The South Carolina Supreme Court agreed with the plaintiffs in
1999 and set a new baseline standard for the state's constitution.
The court maintains that the constitution broadly outlines the
parameters of a "minimally adequate education" in South Carolina.
The case was remanded to the trial level to determine the issue
of adequacy as it relates to the 36 plaintiff districts.
On July 28, eight rural impoverished school districts ,on behalf
of 36 districts with similar shortcomings, filed a lawsuit against
the state for the way it funds education.

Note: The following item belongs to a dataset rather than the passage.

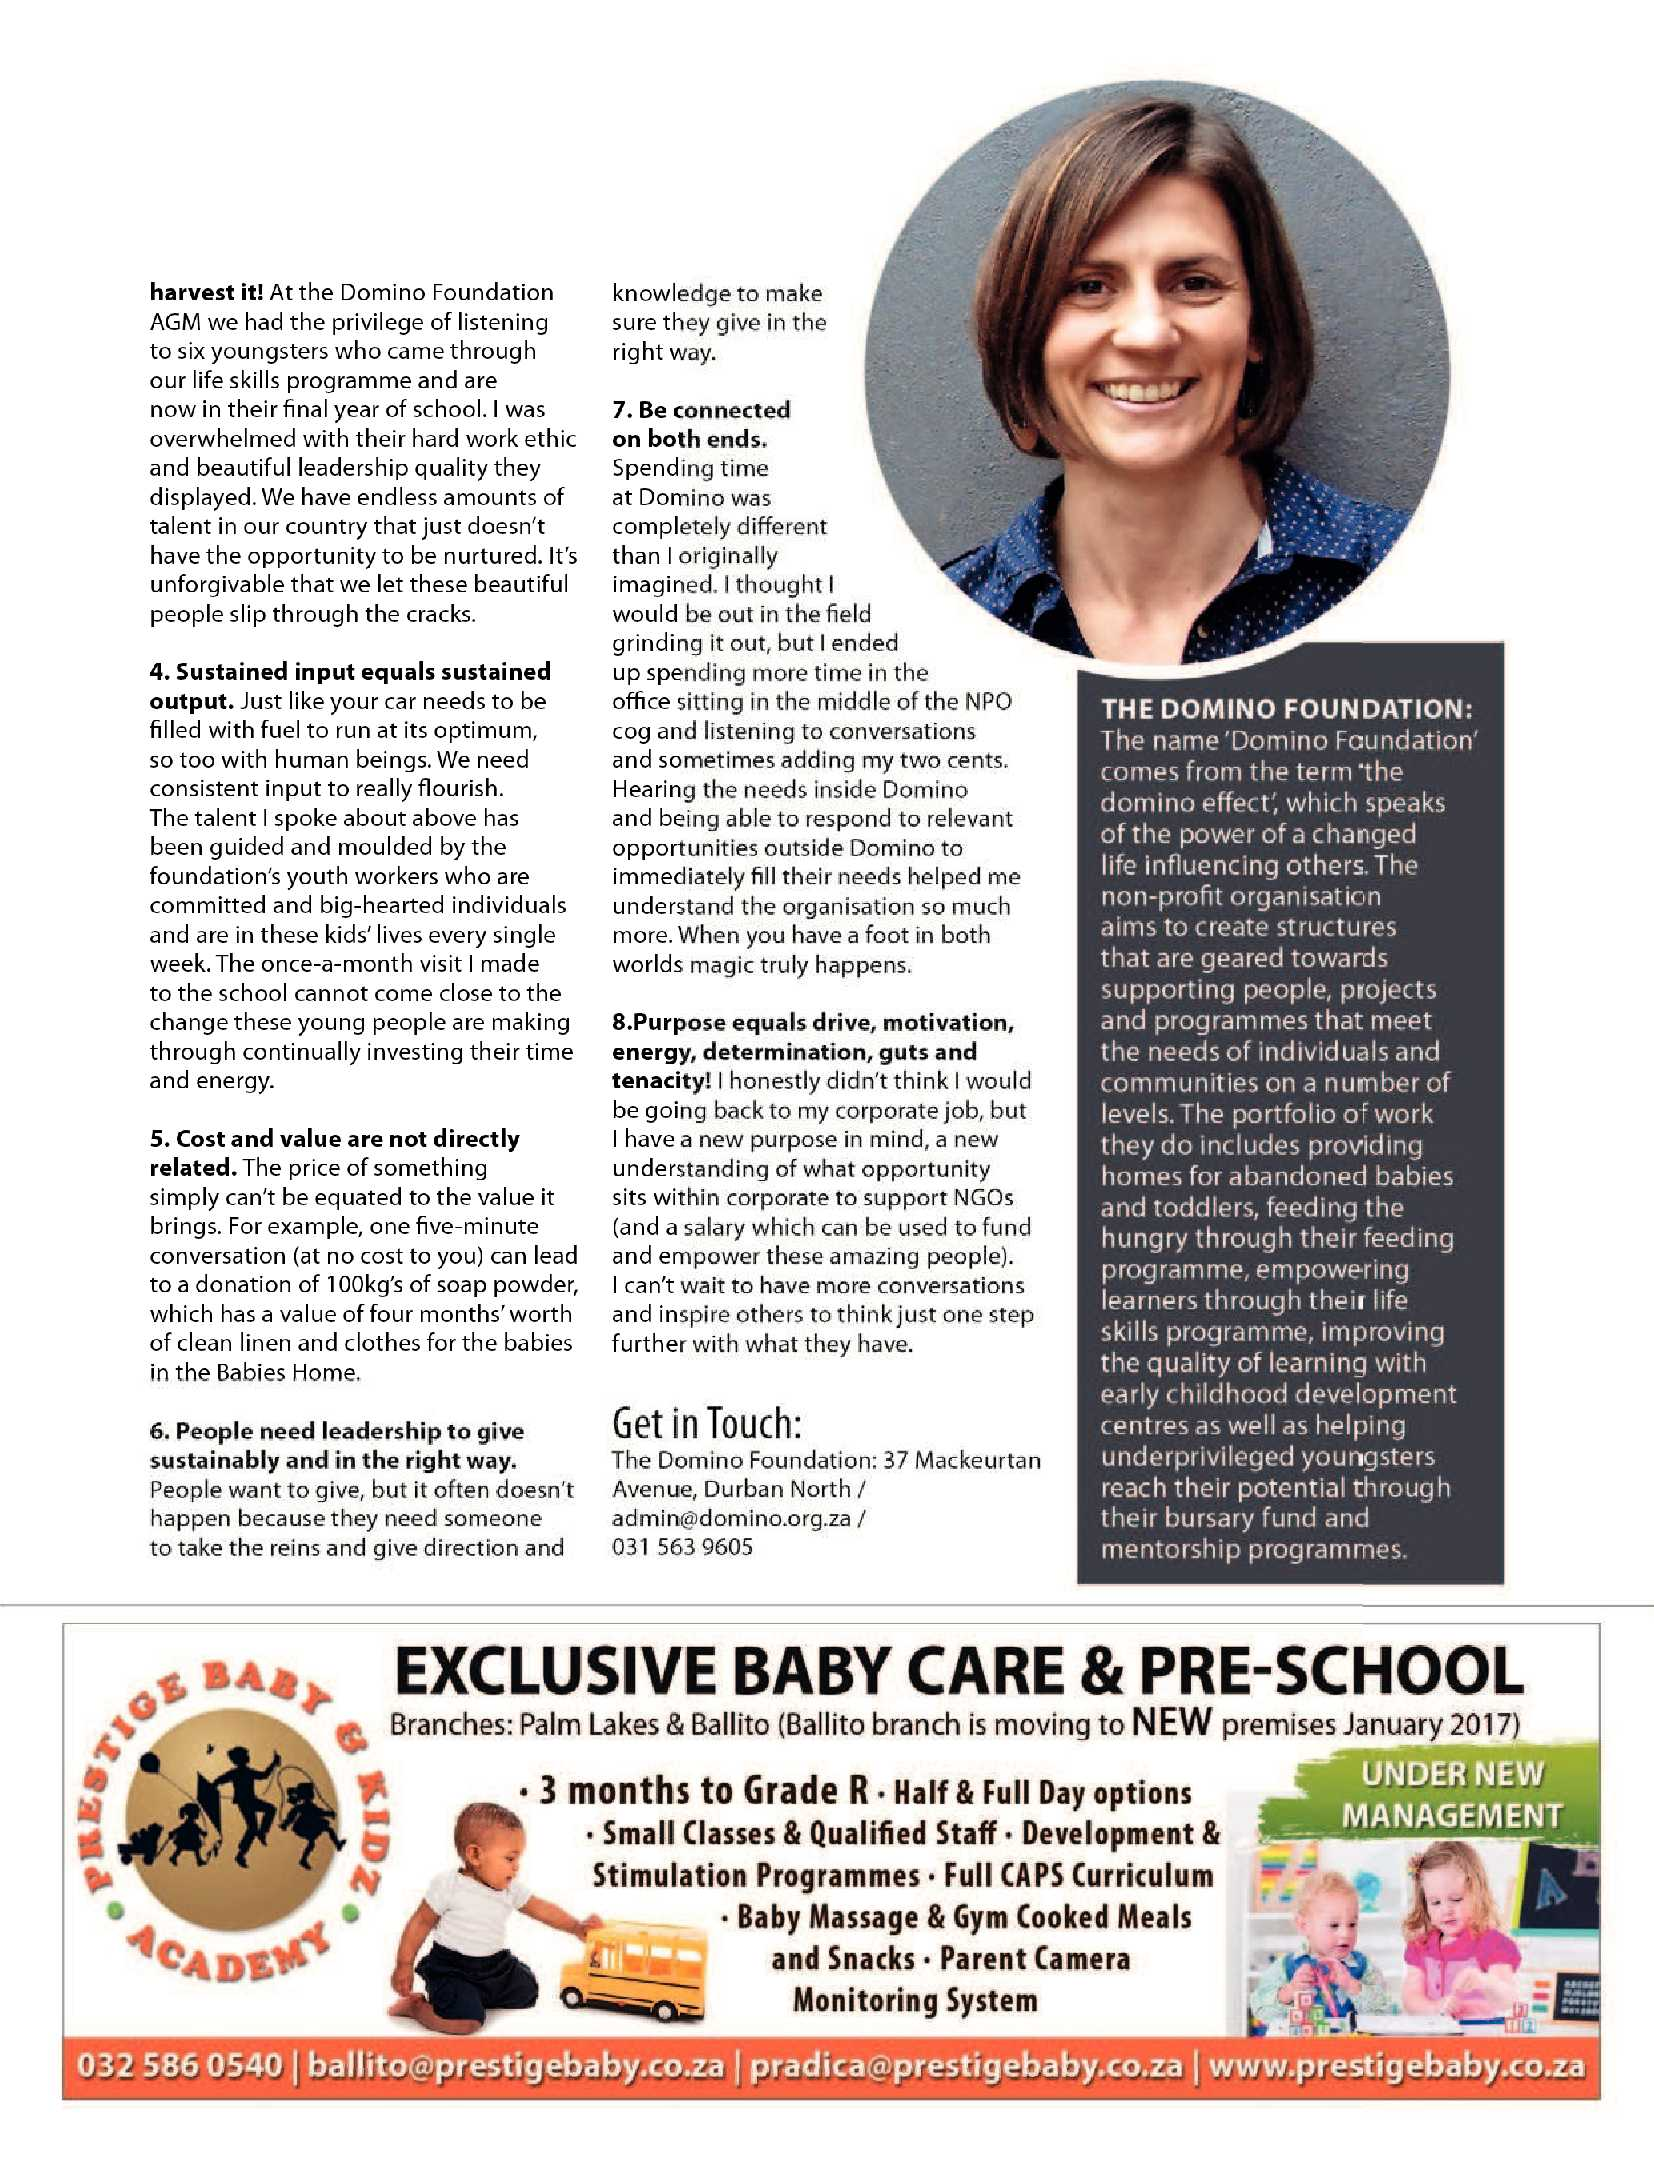 get-magazine-ballitoumhlanga-december-2016-january-2017-epapers-page-31

The districts claim their students are not receiving an equitable
education based on where they reside in the state.
The case is being heard by Third Circuit Judge Thomas A. Cooper
Jr., who originally heard the school funding lawsuit 10 years
earlier.
The eight trial plaintiff districts are Florence 4, Dillon 2, Lee
County, Marion 7, Allendale County, Hampton 2, Jasper County and
Orangeburg 3. Attorneys for the plaintiff rural districts are Carl
B. Epps III, Laura Hart and Steve Morrison, all of Nelson, Mullins,
Riley and Scarborough.
The state's attorneys are Robert E. Stepp, Betsy Gray and Jack
Barnes of Sowell, Gray, Stepp & Laffitte.
Emory Smith is working with the state's attorneys and represents
the governor.
Originally thought to be only about a two-month ordeal, attorneys
for both sides said they don't expect the trial to end anytime soon.
In the first part of the trial, plaintiff attorneys called their
local superintendents to the stand to discuss facility, technology
and other needs of their districts.
The state is a long way from calling its witnesses, but when it
does, they are expected to rebut the needs of these districts as
they've done during the cross examination of the districts.
When the state's witnesses do take the stand, their expected
defense will be that the state provides a building, teachers and
content far beyond minimal adequacy as required by the constitution.
The state contends that the students in the plaintiff districts
have a sufficient number of classrooms and related facilities that
are at least minimally adequate and are exposed to a curriculum that
far exceeds the requirements of the constitution.
Rep. Jim Clyburn, D-S.C., said the whole issue is a reminder of
how far South Carolina has yet to go in the realm of education.
"Why are we appropriating another $2 million to give, that is the
state now, to fight that lawsuit over in Clarendon County," he said
in a previous interview with the Morning News. "Something is wrong
with that.
"We're getting ready to celebrate the 50th anniversary of Brown
vs. Board of Education next year. May 17, 2004, will be 50 years,
yet in that same court room where it all started, we are today
fighting not to adequately fund education."